Framing the political argument in moral terms takes the battle to the adversary’s camp, while at the same time communicating to conservatives that they are all in the same fight. It was the fight for freedom that gave Republicans national majorities during the Cold War with the Communist bloc and liberated a billion captive people. Since 1988, which was the last presidential contest before the Communist collapse, Republicans have won a majority of the popular vote in only one national election. During the Cold War, national security was the key to Republican victories because it framed the conservative cause as a moral crusade in defense of freedom. Now national security is virtually absent from the political debate.
National-security issues are off the political radar because the Left wants to keep them off and because conservatives who are focused on economic-policy issues have simply let them do it. But in a democracy like ours, national security is first of all about freedom and its defense. That is why the Left is not particularly happy with national-security matters and wants to shrink our military and open our borders. It does so in the name of equality — of nations.
The attack on our military and our borders is an existential threat to our freedom, the first in our modern history with such a strong domestic component. Unfortunately, conservatives and Republicans have been reluctant to frame national security as an issue in that way. Meanwhile we are confronted by a new totalitarian enemy in political Islam as promoted by the Muslim Brotherhood and the regimes in Syria and Iran. It is no accident that our president and his party have supported the Brotherhood — the spearhead of political Islam — at home and abroad, and appeased our Islamist enemies in Egypt, Syria, Libya, and Iran.

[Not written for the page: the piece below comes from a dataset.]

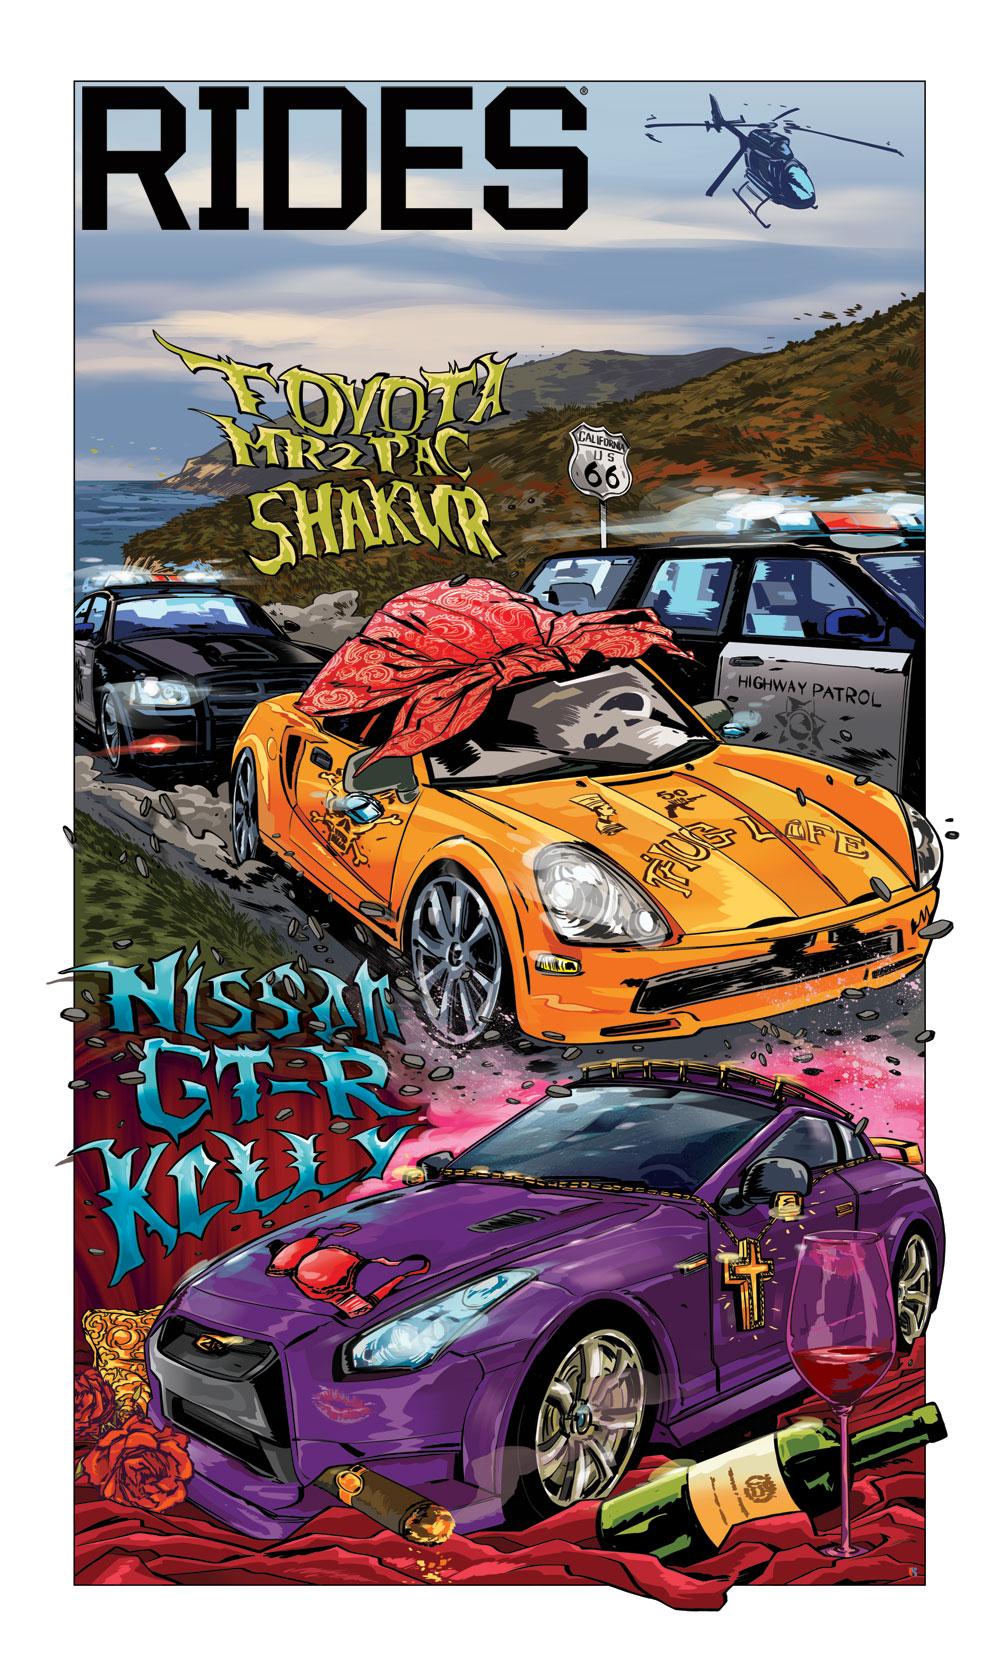 rides cars cartoon car toon mash box r kelly tupac 2pac shakur tyota mr2 nissan gt-r

The very struggle that inspired the Right in the Cold War era — the battle between tyranny and freedom — is once again staring us in the face, but we are reluctant to name it. We have gone almost silent instead. The silence must end. It is time to connect the battle for individual freedom at home and the defense of our free society abroad, and to make them one. That is the way to advance the conservative message and unify the political forces on which the future of our nation depends.